"Were we moving?"
"Would we buy a larger house?"
"Were we renovating and adding on?"
A realtor even told a friend that yes, without any doubt, we would be in the market for a bigger house.
"No," we told inquiring minds. We were doing none of the above. You see, we call ourselves lucky (immensely lucky) to own a house in this real estate market. We bought our home when the market declined precipitously in fall 2009. Acquaintances tell us we timed an amazing investment. The truth was, it was the only house and the only moment in time when we could afford to buy.

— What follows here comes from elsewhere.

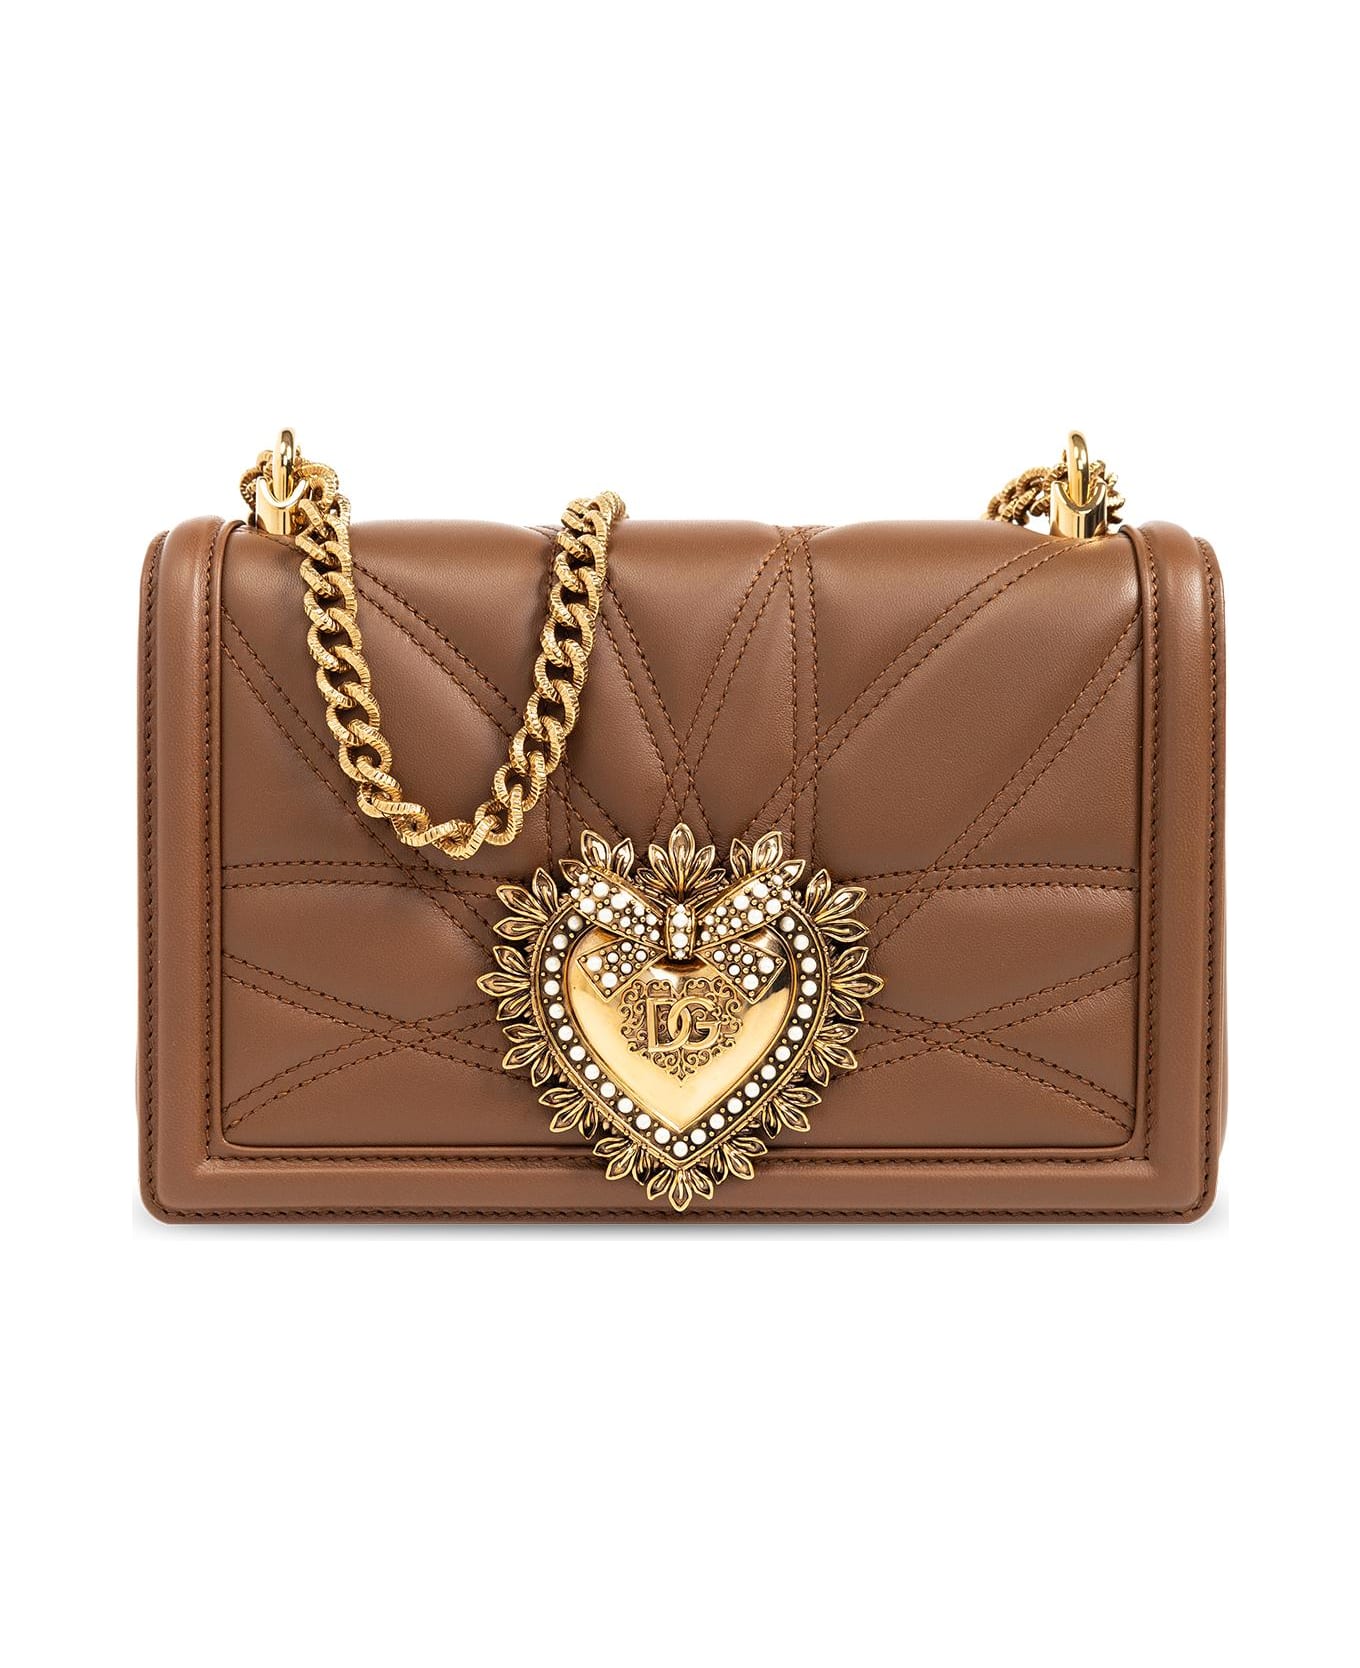 Dolce & Gabbana Shoulder Bag With Logo - Cammello

I still remember the open house, swarming with anxious couples. They stood in the backyard and whispered about the home's proximity to the train and its uncertain future thanks to high speed rail. That didn't scare us. I loved hearing the train go by at night when I was a child. My husband's father dedicated his professional life to public transportation in California. And we would be the first to regularly travel south on a train to LA. Other prospective buyers stalked the lawn discussing where a second bathroom could be added.

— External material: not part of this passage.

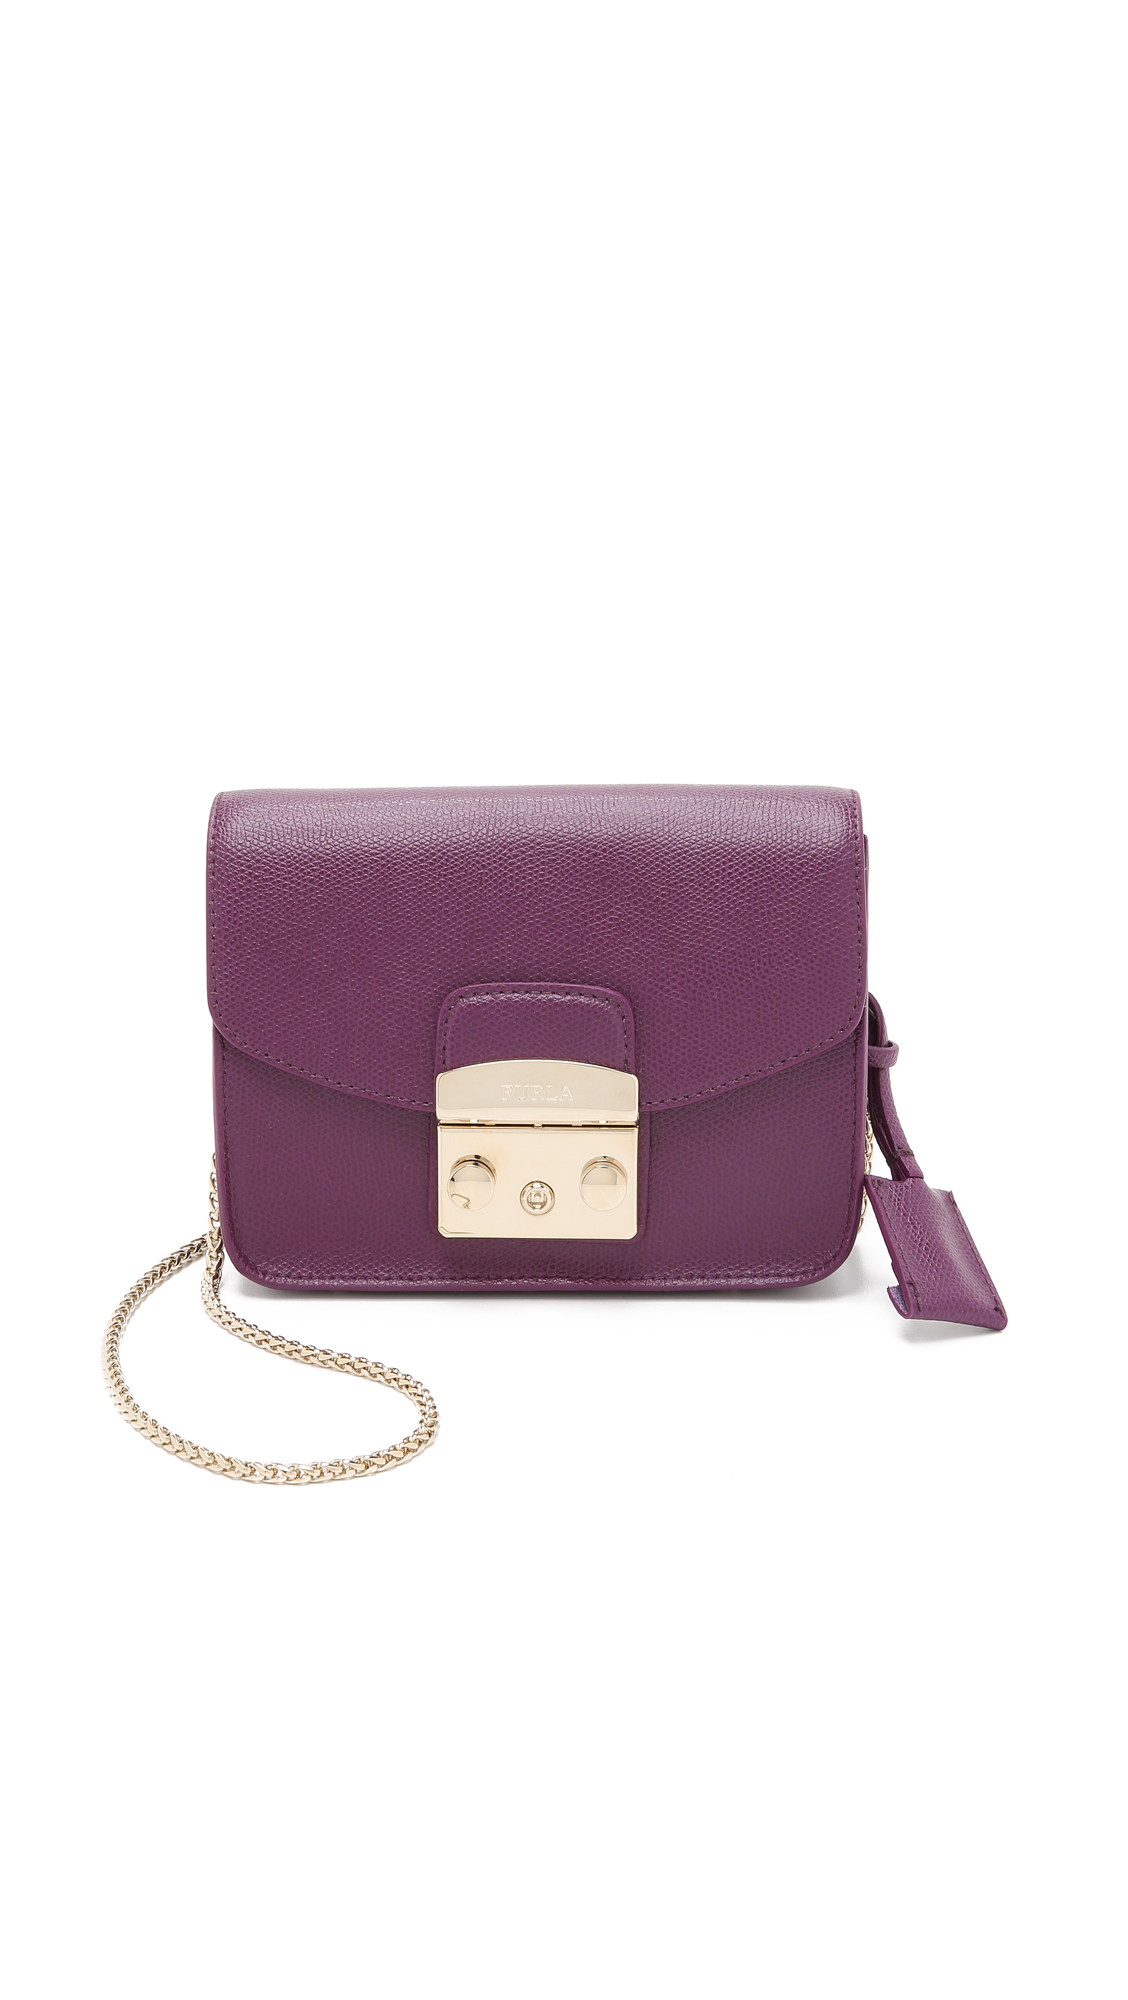 Lyst - Furla Metropolis Mini Cross Body Bag - Aubergine in Purple

Modest though it was, we bought our house because we loved it. It was not an investment. It was a home - a place for our family to live and love. Though the previous owners handed over architectural plans for a two-story renovation, they also left a lovable cat and conducted a new-age ceremony to "attract the right owners." My husband thinks I'm crazy, but I cherished a fertility talisman I found in the linen closet and hoped for years that the abundant children our home had sheltered before would be a harbinger of our own future. (And, gentle readers, it was!)
You see, our house is a small, 3 bedroom, 1 bath home that housed up to four children and 2 adults in a previous era. It could certainly accommodate our growing family. But there's another even more compelling reason for keeping our home modest..

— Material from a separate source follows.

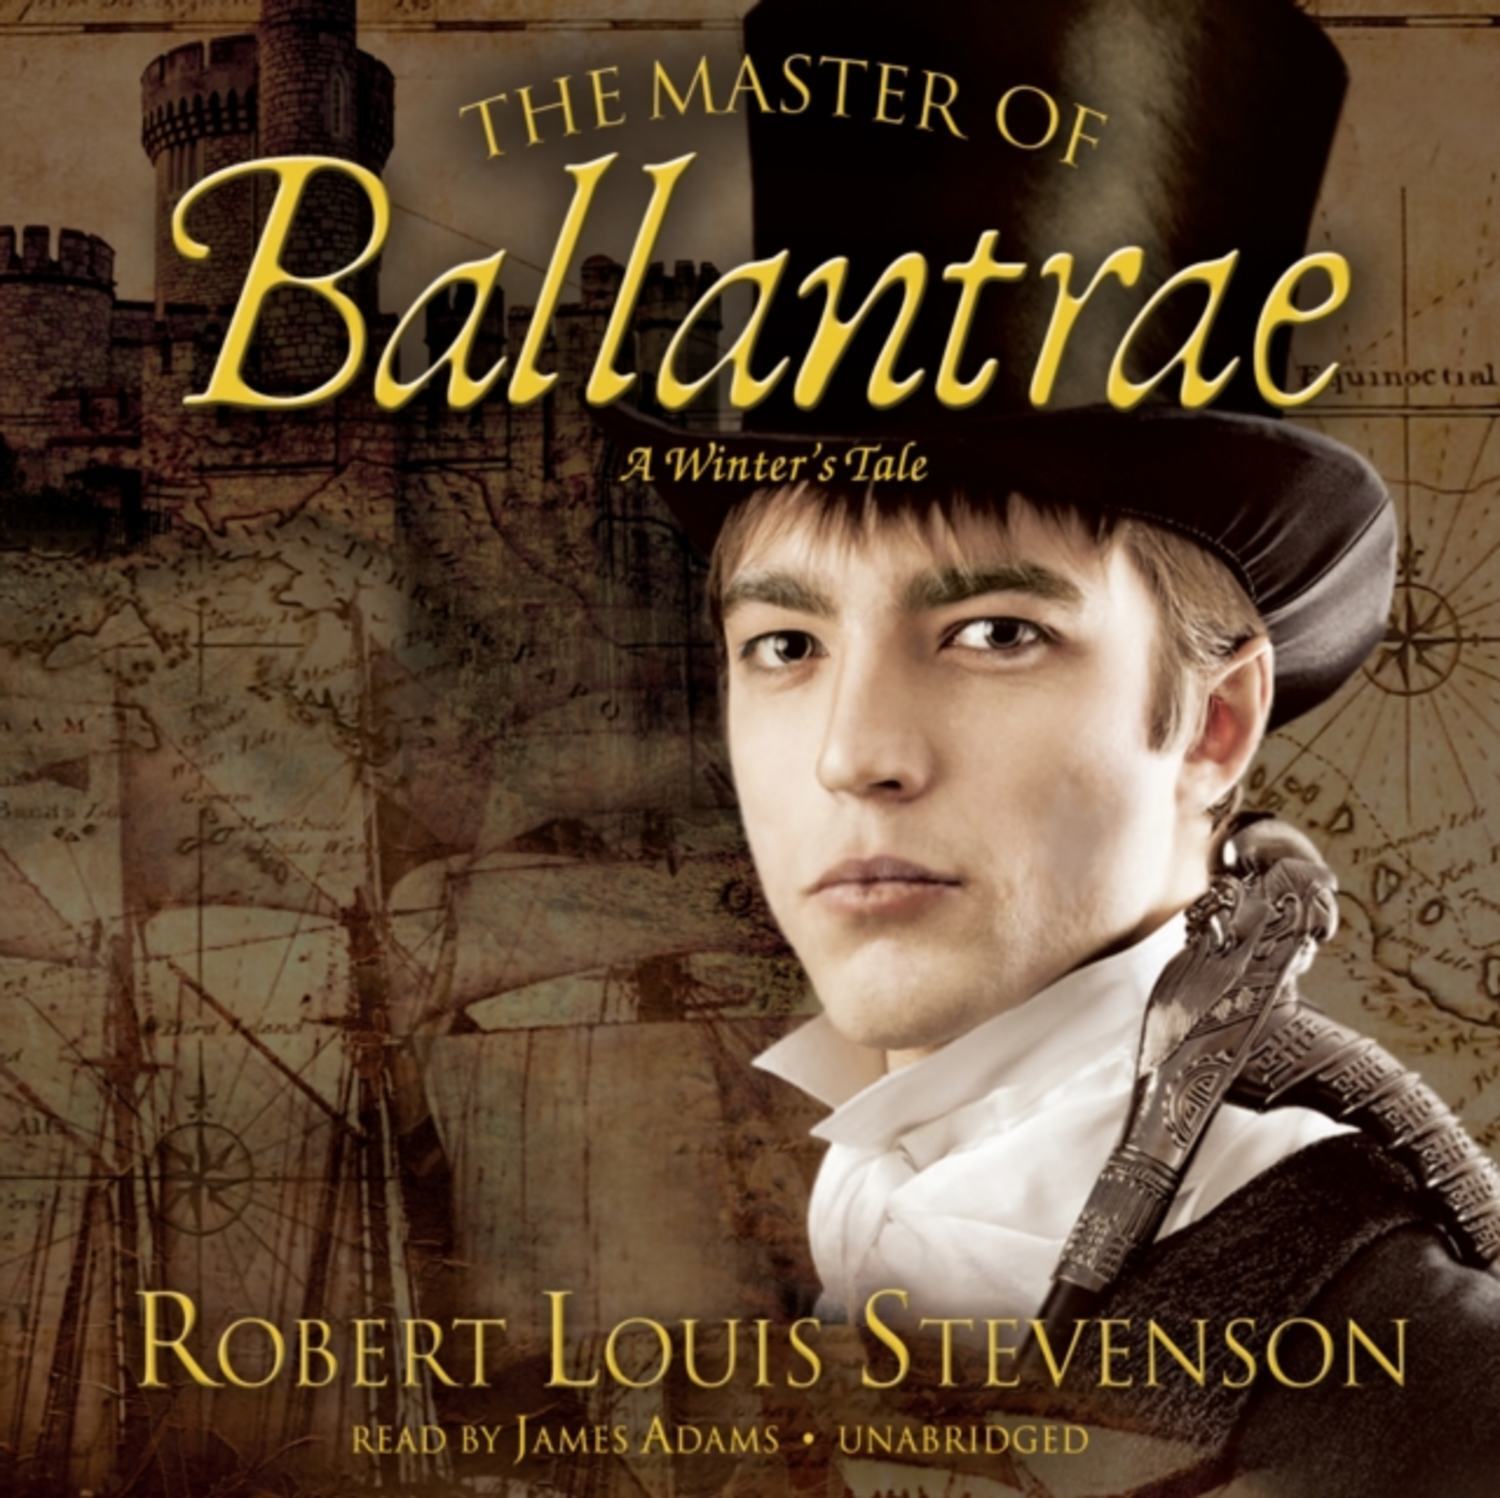 Аудиокниги мастер игры. The Master of Ballantrae Robert Louis Stevenson. The Master of Ballantrae book. Картинки к книге Стивенсон the Master of Ballantrae: a Winter’s Tale.

Everyone is familiar with nightmare stories about renovations - unreliable contractors, inordinate delays, ballooning costs, and the discomforts and indignities of living in a construction zone. If the kids move out and the nest is empty, the house becomes a vacant shell of abundant beds and baths that continue to require cleaning even when they aren't in use. Thus, many older couples, having survived a renovation, are forced to downsize.
But what about the story my hairdresser recently told me? She has young twenty-something clients who have explained shamelessly that they'd prefer to live with their parents in Portola Valley where they have a master suite and pool than to move to San Francisco to live on their own in a (gasp!) small crummy apartment.
As my daughter and I struggle to share the mirror over the sink in our only bathroom when we are getting ready in the morning, I remind her why she needs to get used to it. (Her primping in teen age and mine in middle age are likely to get worse before they get better.) "This experience, will give you a great reason to move out when you are eighteen!" I declare.